Read Shadows (Black Raven Book 1) Online
Authors: Stella Barcelona
Run. Trust no one.
Dear God, I am trying.
Aviator sunglasses with mirrored lenses concealed his eyes. She saw her own reflection there and hated that she looked vulnerable, uncertain, and afraid. Snead, with sandy-blond hair and a receding hairline, had a smaller build. He stood next to McClendon. He wore the same kind of sunglasses as McClendon and the same somber expression.
“I’m sorry, but I don’t have time to talk right now,” she said, trying not to panic, “and I don’t have any information about my father.”

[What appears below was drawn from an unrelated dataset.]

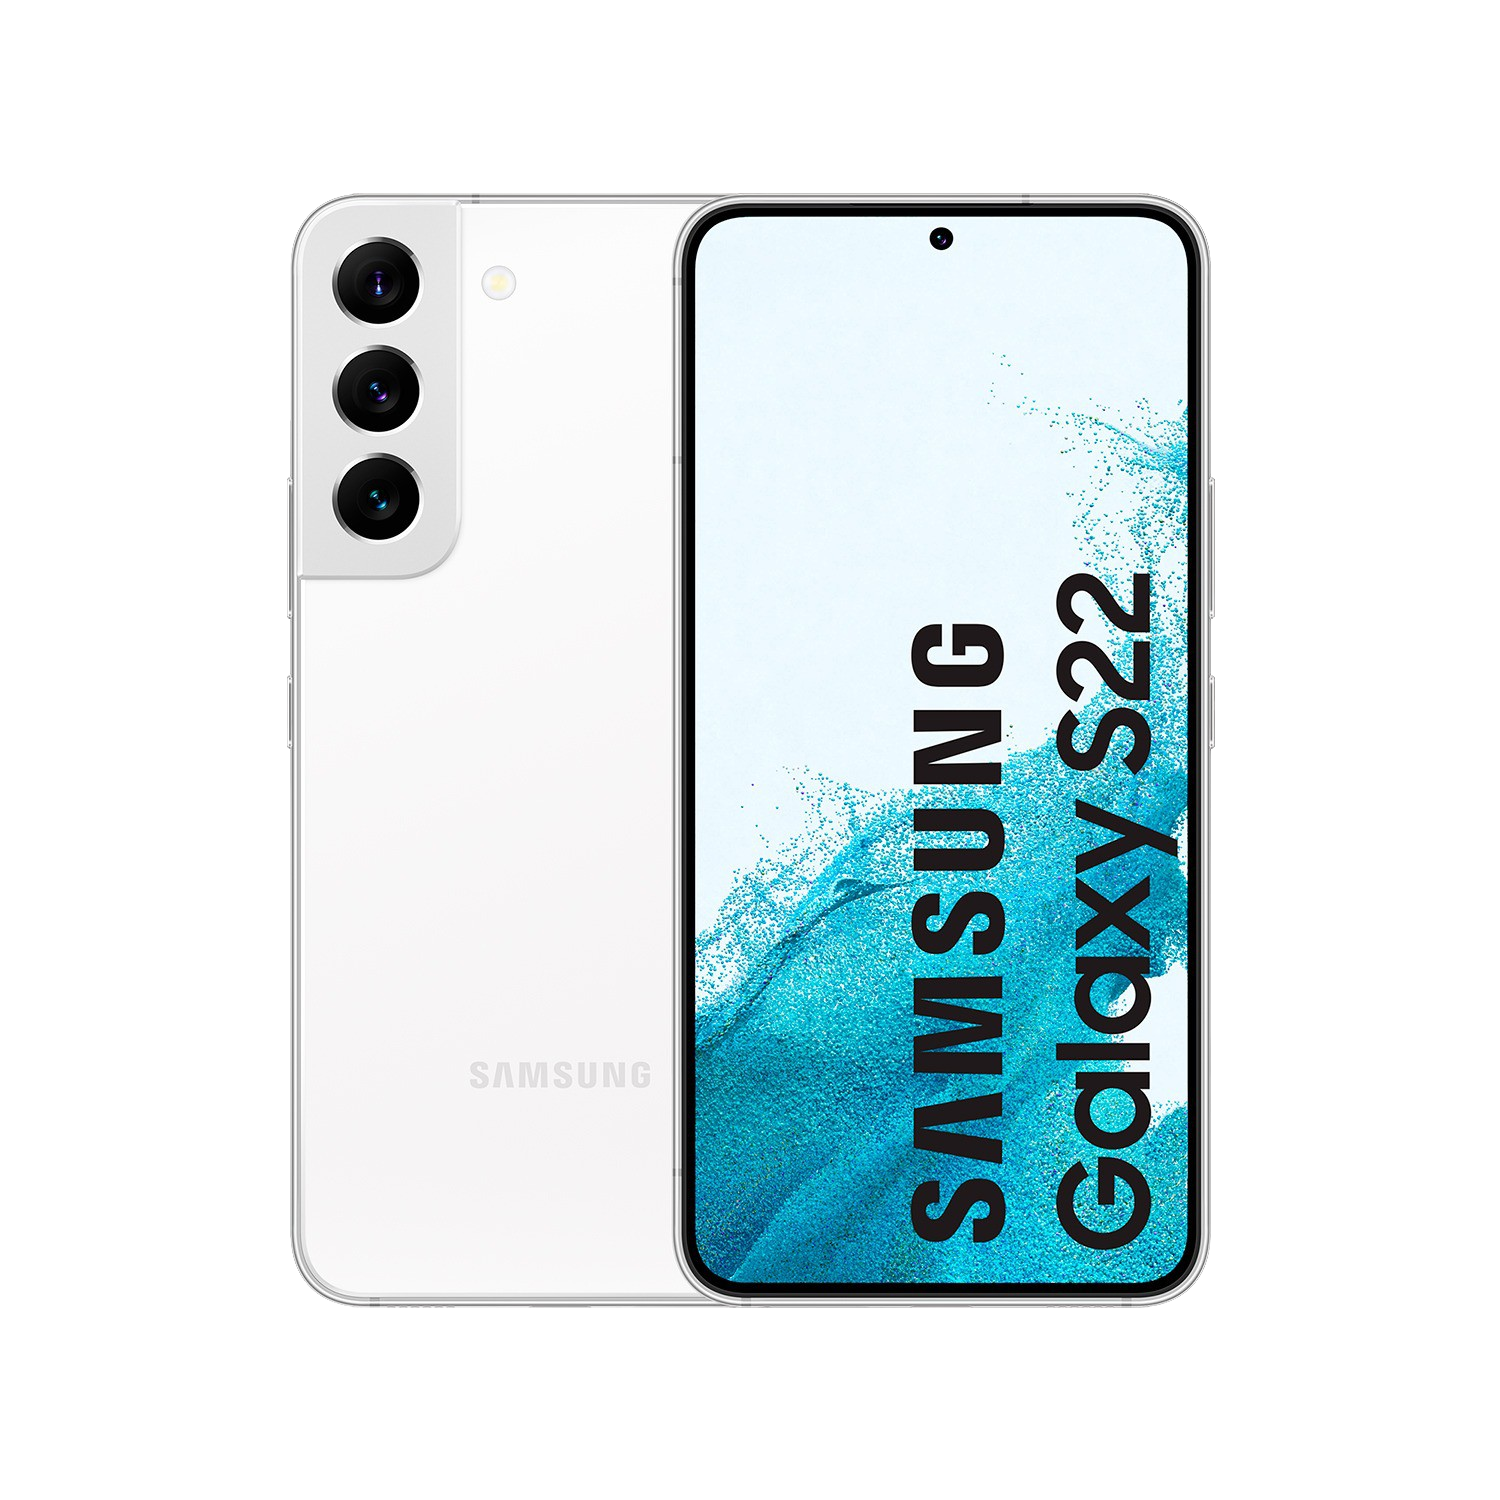 Smartphone Samsung Galaxy s22 5g 6.1 8 gb 128 blanco 8gb de ram 128gb white fhd+ 3700 mah android 12 exynos 2200 8gb128gb sms901 5gsamsung 61 8128gb 120hz 50121010mpx 1549 61“ 8128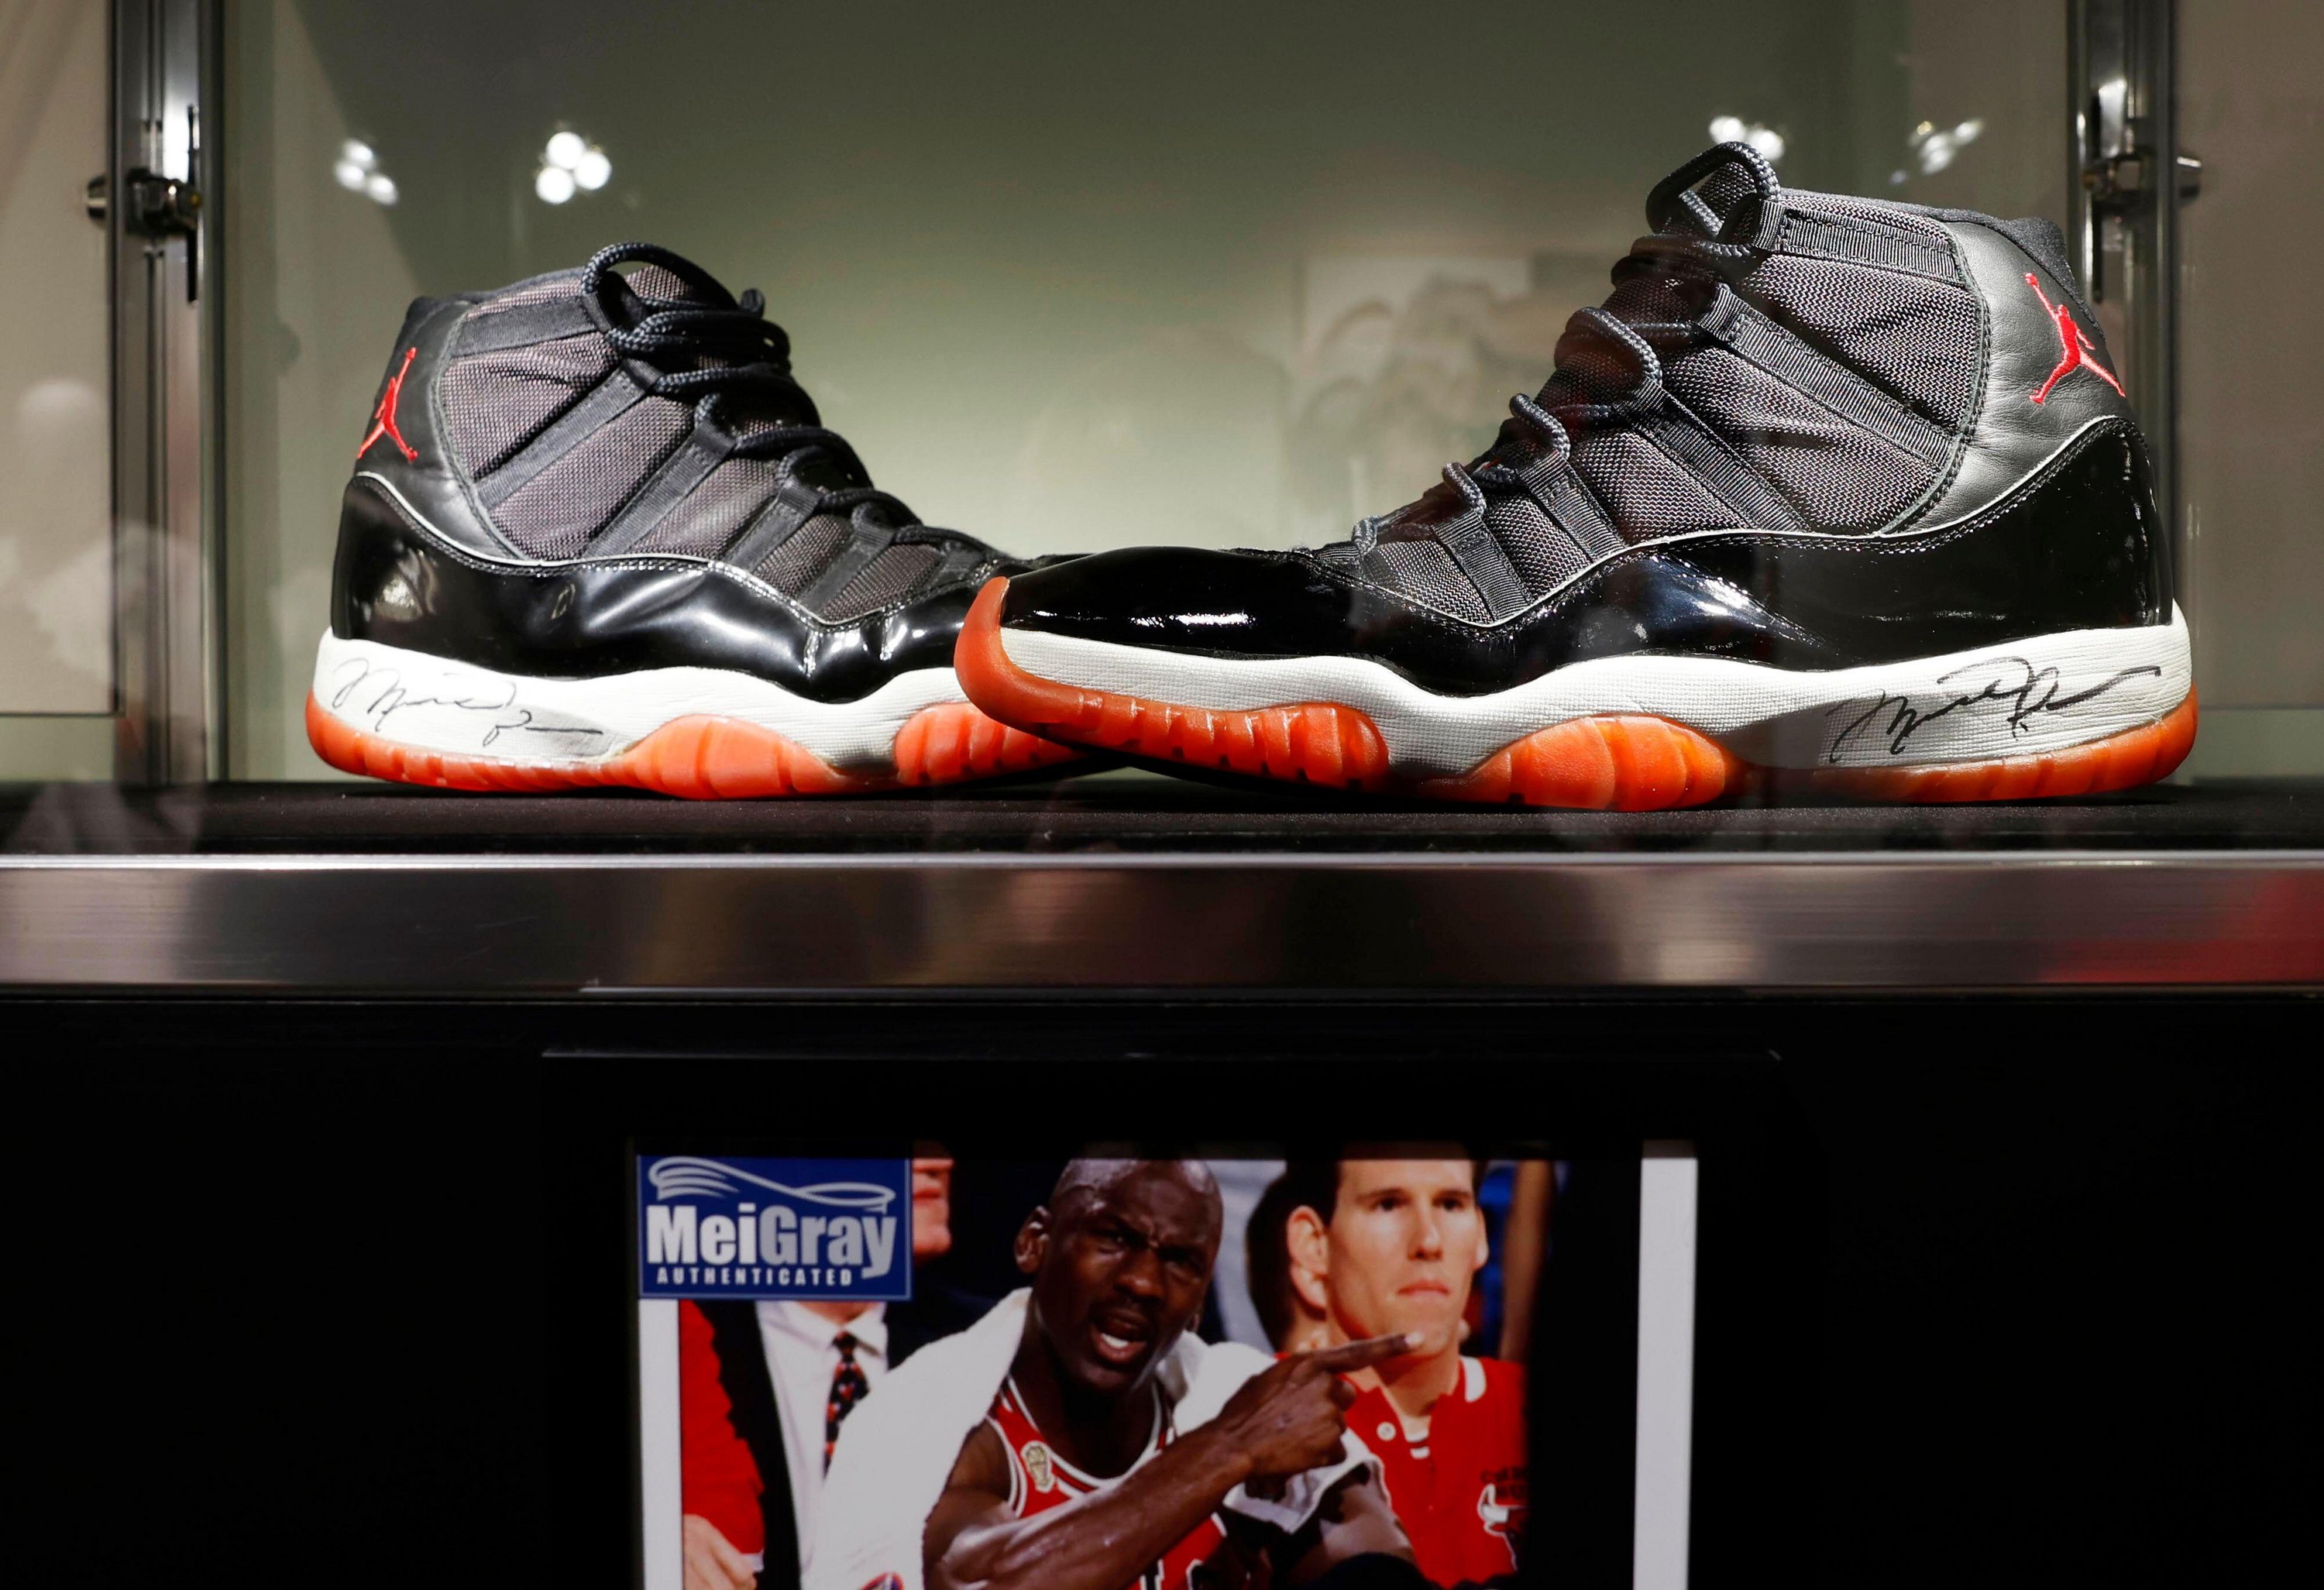 Es wird erwartet, dass seine Air Jordans bei einer Online-Auktion mehr als 300.000 Pfund einbringen

From inside the van, Spring shot her a questioning glance, as Candy gave a loud bark. Skye drew a deep breath.
Run
. But she didn’t know how to escape from them.
Stall
, she thought.
Think
. “My sister and I are going on a delivery. We’ll be back in fifteen minutes. Why don’t you go in, get a cup of coffee, and I can talk to you when I return.”
McClendon frowned, while Snead went around to the passenger side of the van.
Skye said, “Leave her alone. Please. We can talk now. Just let me get my sister situated inside the coffee shop.”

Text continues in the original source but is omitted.